Provided entries:

****************

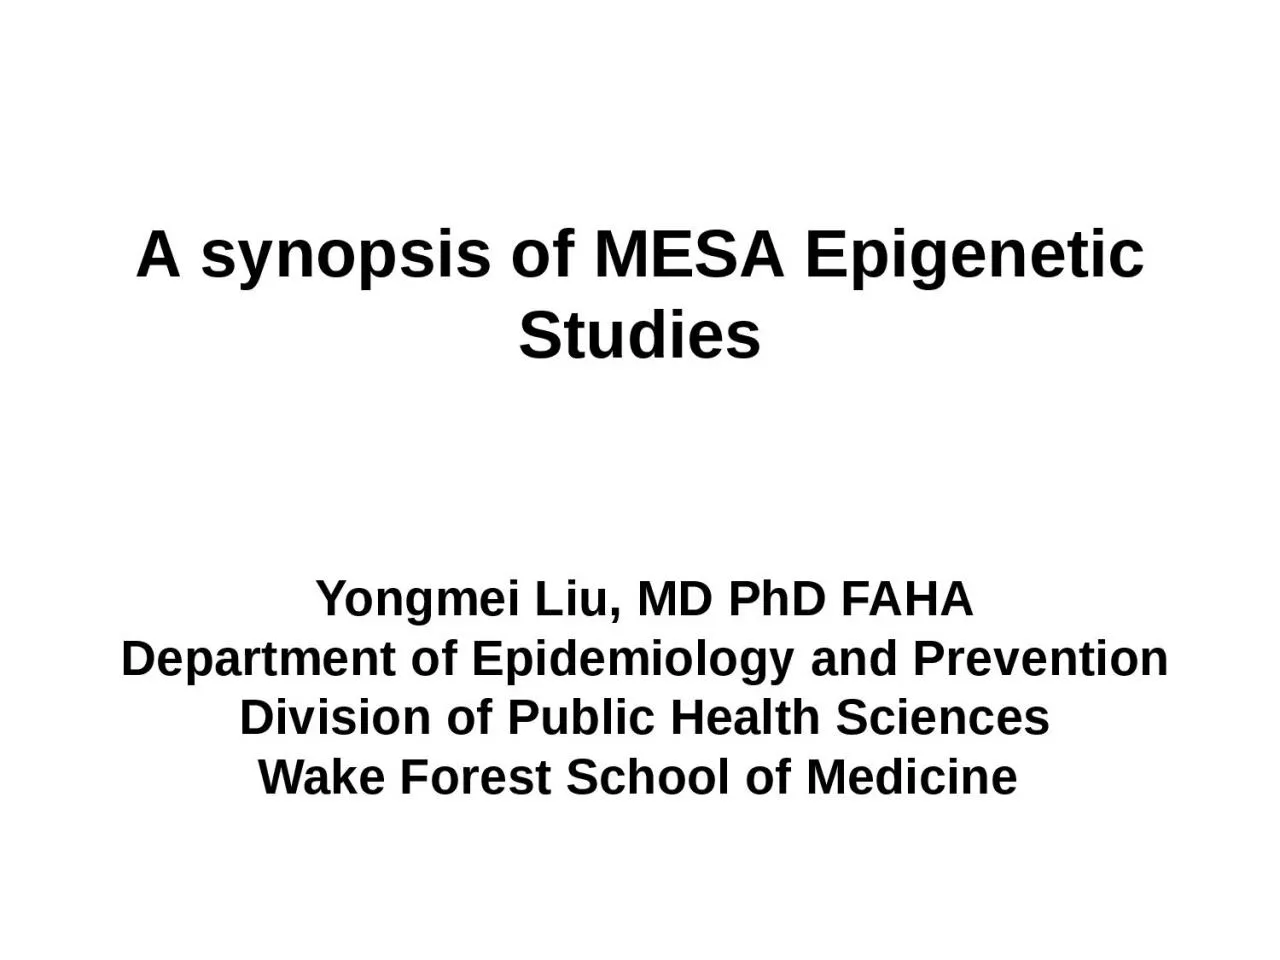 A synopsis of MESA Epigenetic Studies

****************

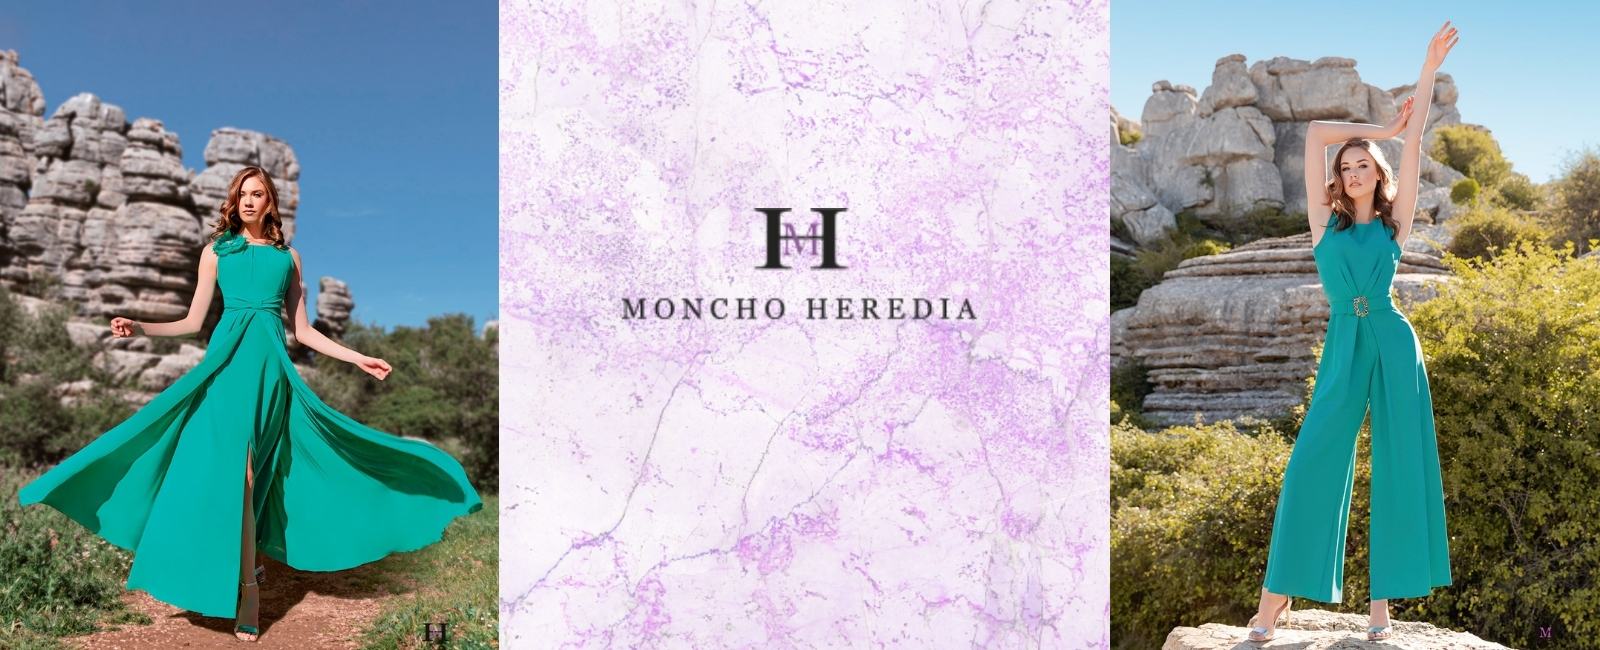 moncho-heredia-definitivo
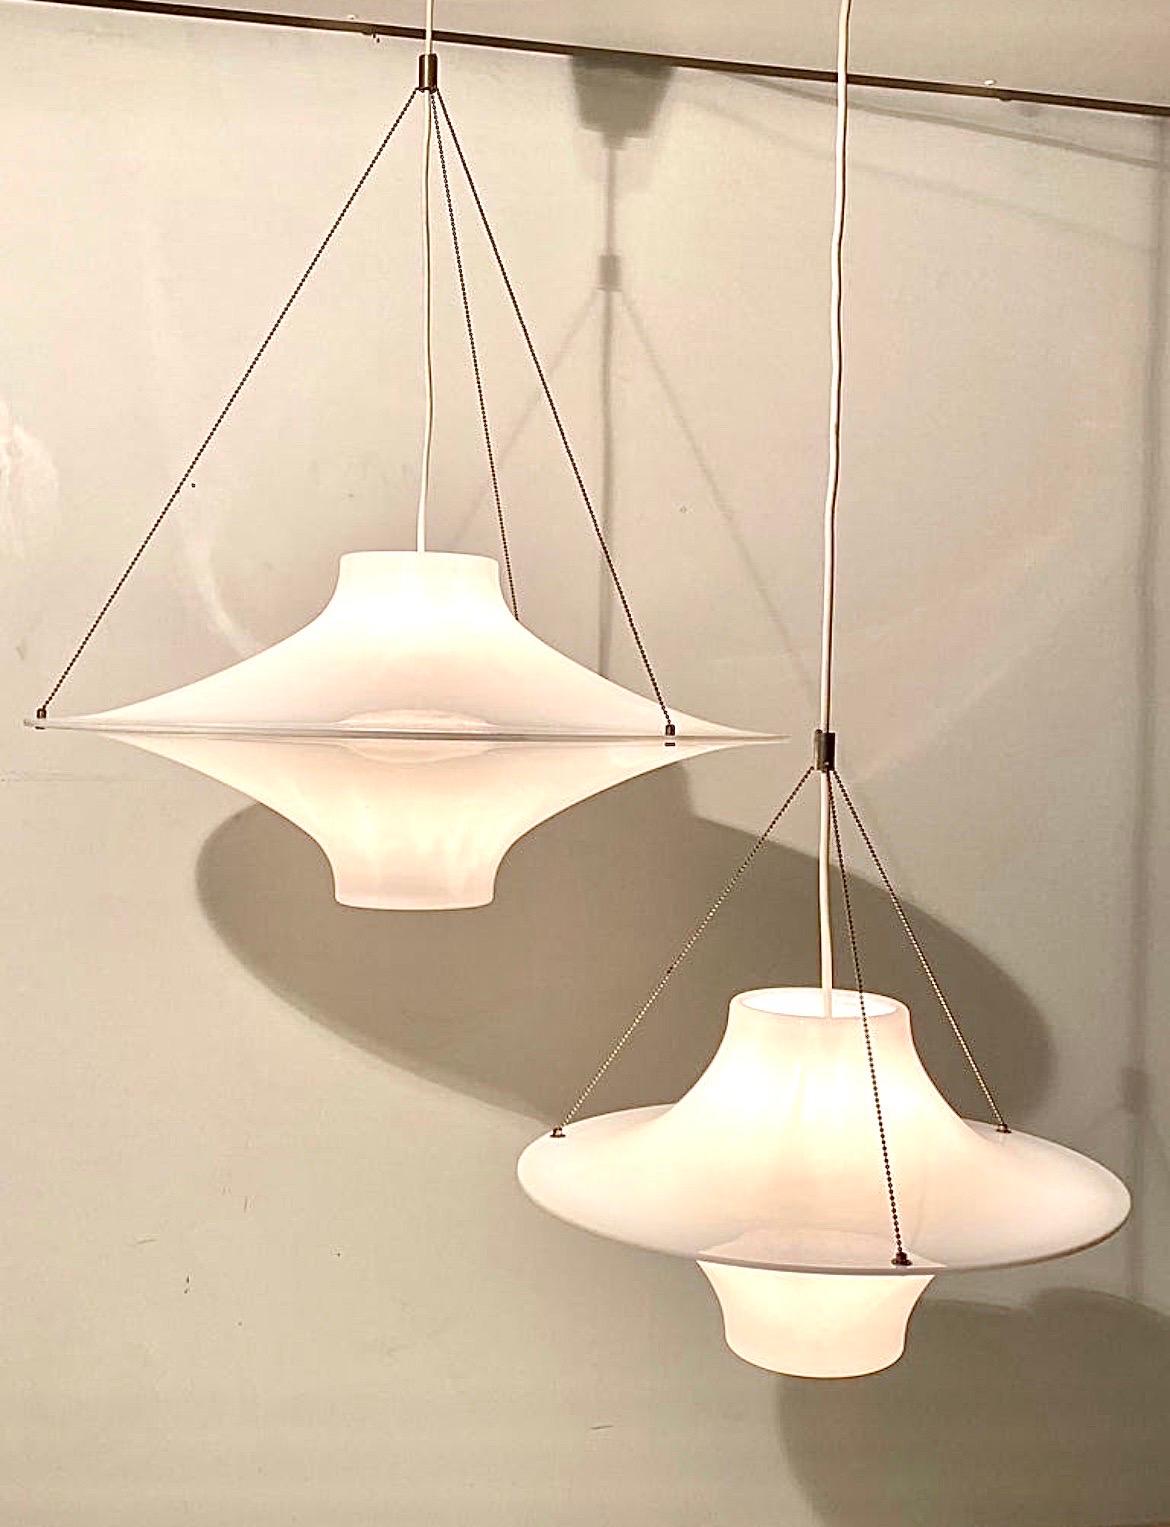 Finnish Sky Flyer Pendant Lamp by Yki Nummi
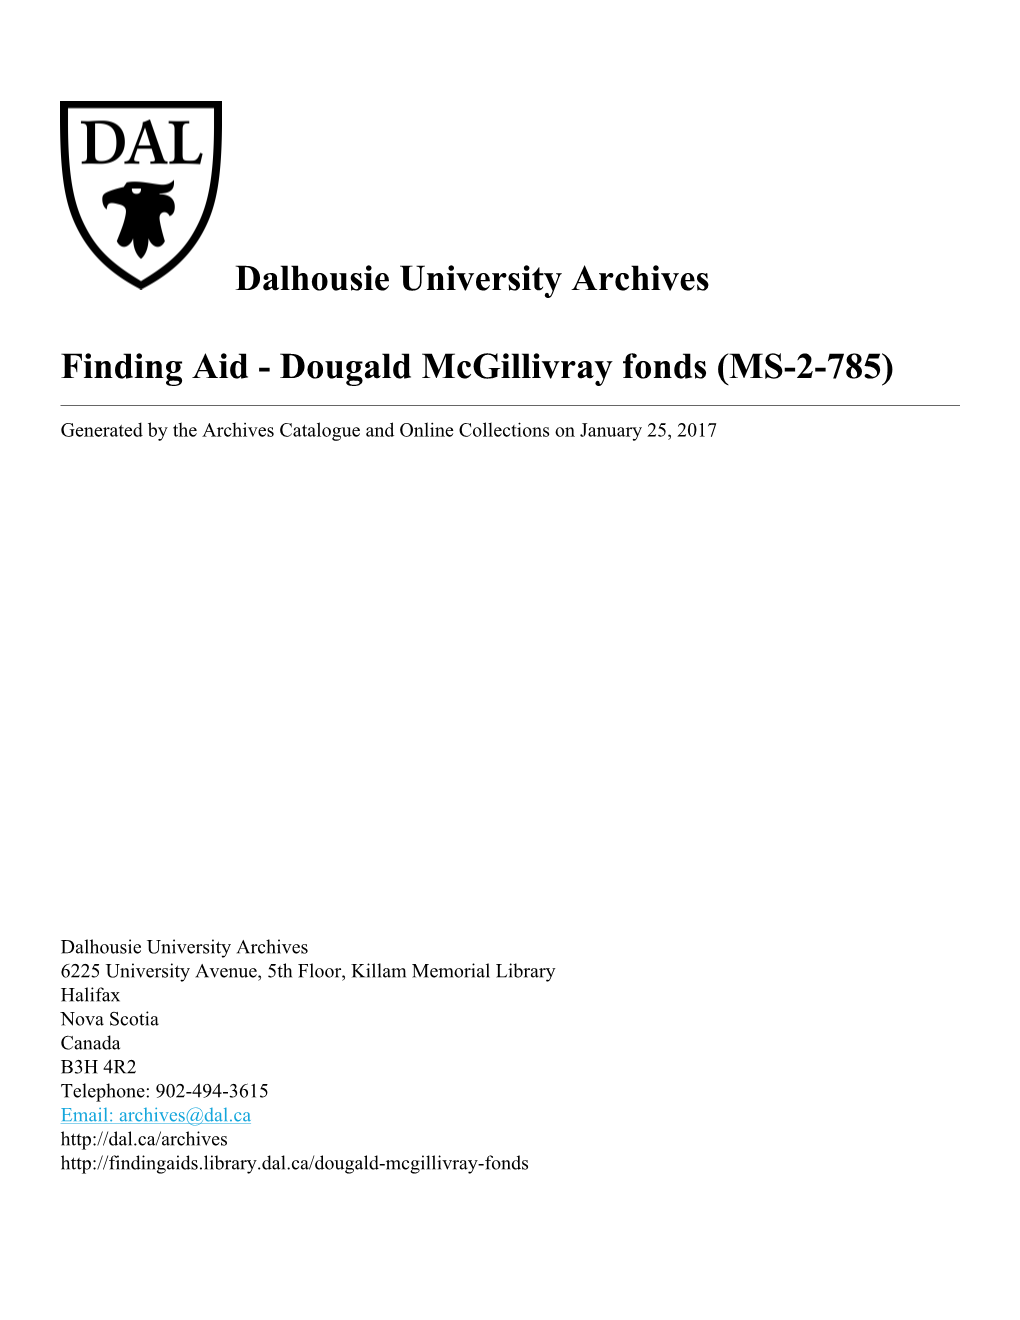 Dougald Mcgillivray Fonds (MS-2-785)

****************

What you are asked to do:
In the data above, find the line with "moncho-heredia-definitivo" and the line with "Dougald Mcgillivray Fonds (MS-2-785)". Please copy exactly those two lines and every line between them, but not the pictures.

Response below:
 moncho-heredia-definitivo
 Finnish Sky Flyer Pendant Lamp by Yki Nummi
 Dougald Mcgillivray Fonds (MS-2-785)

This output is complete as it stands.